A5000's 24 GB GDDR6 supports image generation pipelines efficiently at low 230W TDP. GB300's 1400W overkill for single-node creative workflows.

Scientific Computing
GB300 SXM6

GB300's 90 TFLOPS FP32 and 288 GB VRAM accelerate simulations like molecular dynamics. A5000's matching 27.8 TFLOPS FP32 fits lighter computations.

Frequently Asked Questions

What is the VRAM capacity of the GB300 versus RTX A5000?

The GB300 provides 288 GB HBM3e VRAM for large-scale AI models.

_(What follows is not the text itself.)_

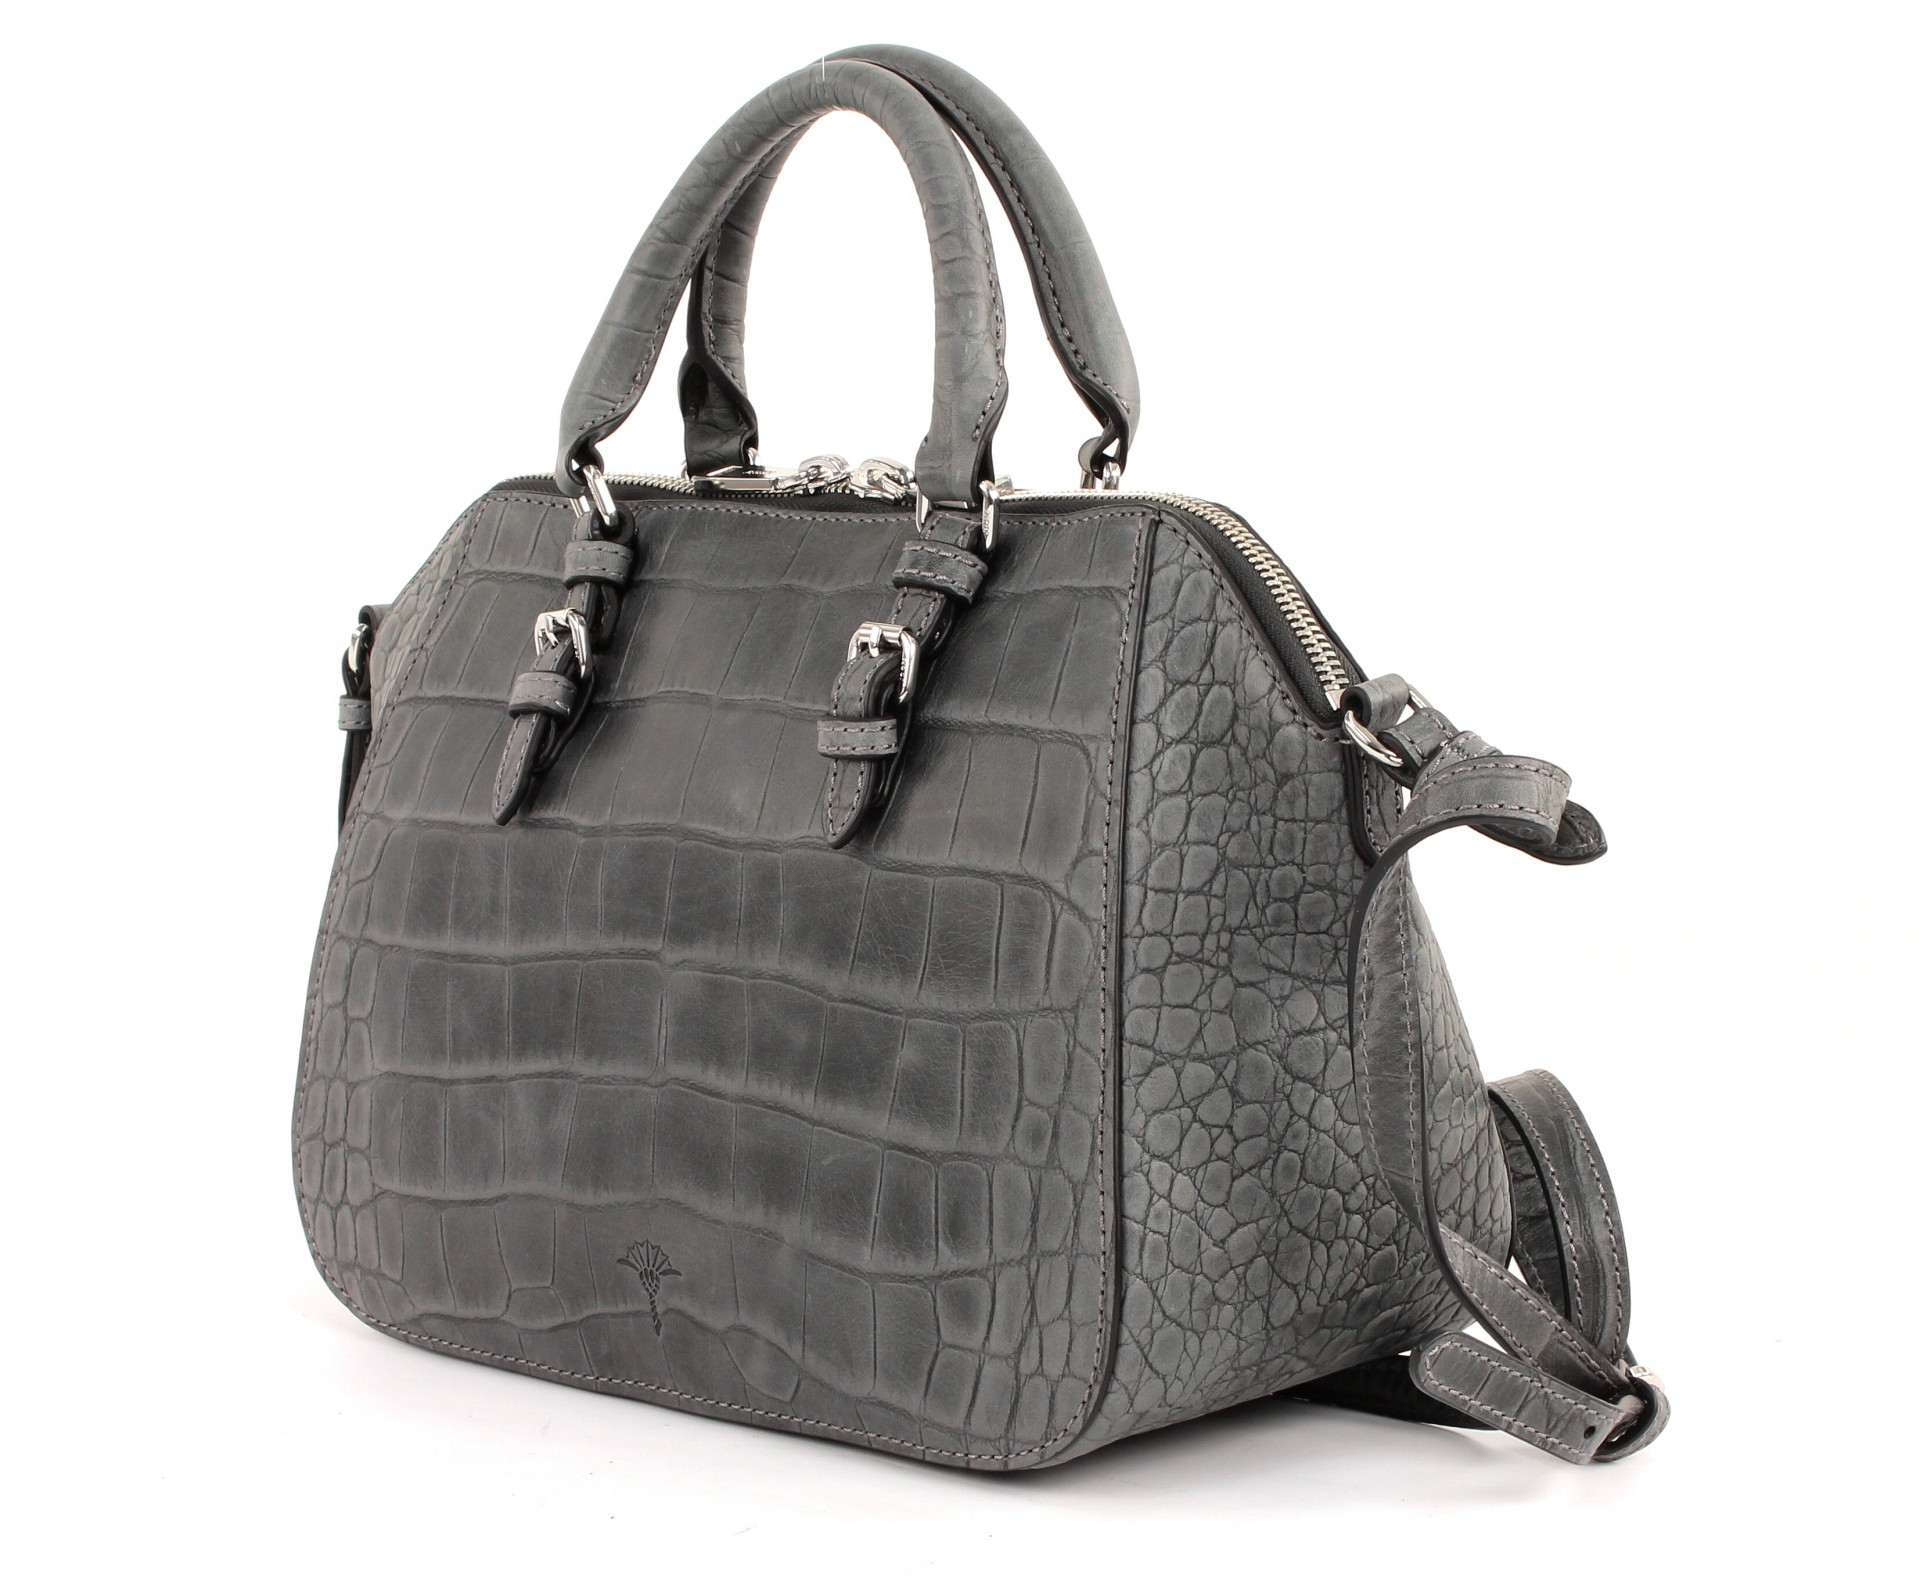 joop thoosa croco soft handbag medium tasche handtasche umh ngetasche damen ebay. Black Bedroom Furniture Sets. Home Design Ideas
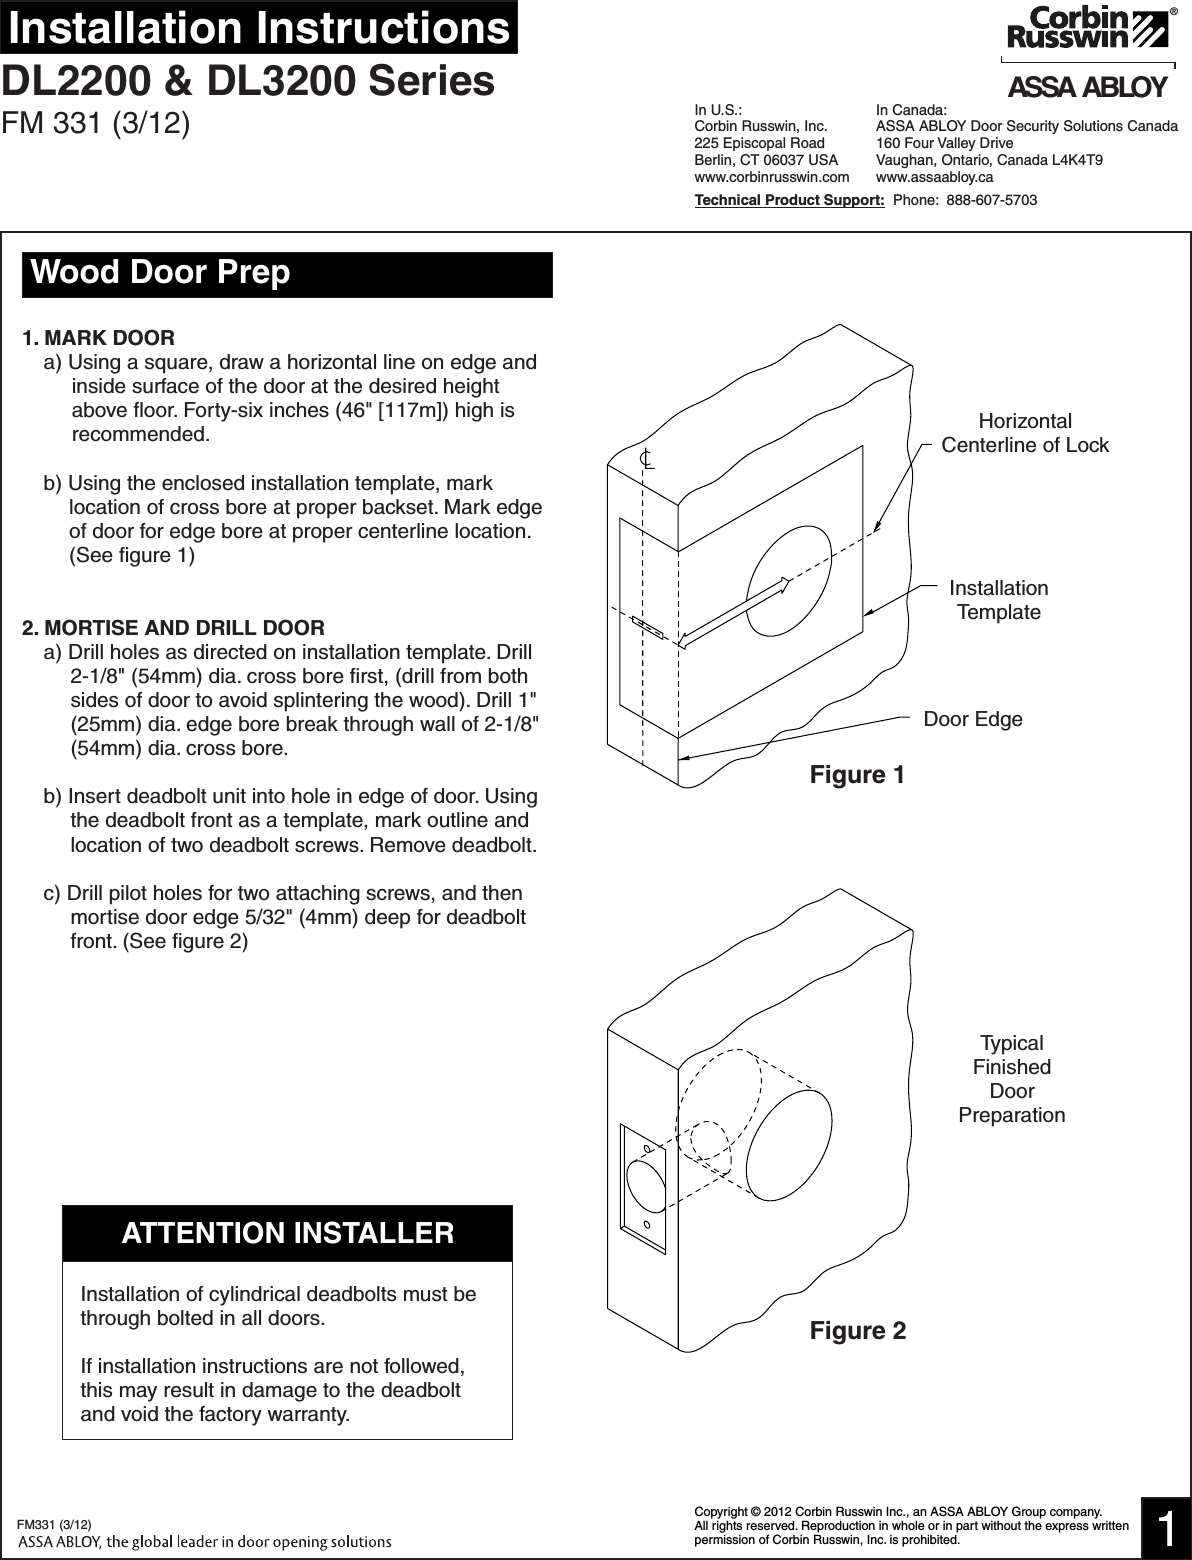 Corbin Russwin FM331 (03 12) DL2200/DL3200 Installation Instructions

The RTX A5000 offers 24 GB GDDR6, suitable for moderate workloads. This 12-fold difference impacts model size handling.

How do memory bandwidths compare?

GB300 achieves 12000 GB/s with HBM3e, enabling massive batch processing. RTX A5000 delivers 768 GB/s on GDDR6 for standard tasks. The gap supports larger contexts on GB300.

What are the FP16 performance figures?

GB300 reaches 2250 TFLOPS FP16 for accelerated training. RTX A5000 provides 27.8 TFLOPS FP16. This yields over 80 times faster tensor operations on GB300.

Is the GB300 available on cloud platforms?

No live offers exist for the GB300 currently. RTX A5000 has 32 offers from $0.03 per hour, averaging $0.44 per hour. Availability favors the A5000 now.

What are the power requirements?

GB300 demands 1400W TDP in SXM form for datacenters. RTX A5000 uses 230W TDP in PCIe, fitting workstations. Higher TDP correlates with GB300's performance lead.

Which GPU supports better multi-GPU scaling?

GB300 uses NVSwitch and NVLink for cluster efficiency. RTX A5000 supports NVLink but lacks NVSwitch. This makes GB300 ideal for hyperscale setups.

Which is cheaper to rent, the GB300 or the RTX A5000?

Cloud rental prices for both the GB300 and RTX A5000 vary by provider, configuration, and availability. This page shows live pricing from 25+ providers updated every 60 seconds. Scroll to the Live Cloud Pricing section to compare current rates.

How much VRAM does the GB300 have compared to the RTX A5000?

The GB300 has 288 GB of HBM3e memory. The RTX A5000 has 24 GB of GDDR6 memory.

Can I find GB300 and RTX A5000 GPUs available to rent right now?

Yes. This page shows real-time availability across 25+ cloud GPU providers. The Live Cloud Pricing section displays only in-stock offers with current pricing.

What is the main difference between the GB300 and the RTX A5000?

The GB300 uses the Blackwell Ultra architecture (2025) while the RTX A5000 uses Ampere (2021). The GB300 delivers 80.9x the FP16 throughput and 15.6x the memory bandwidth of the RTX A5000.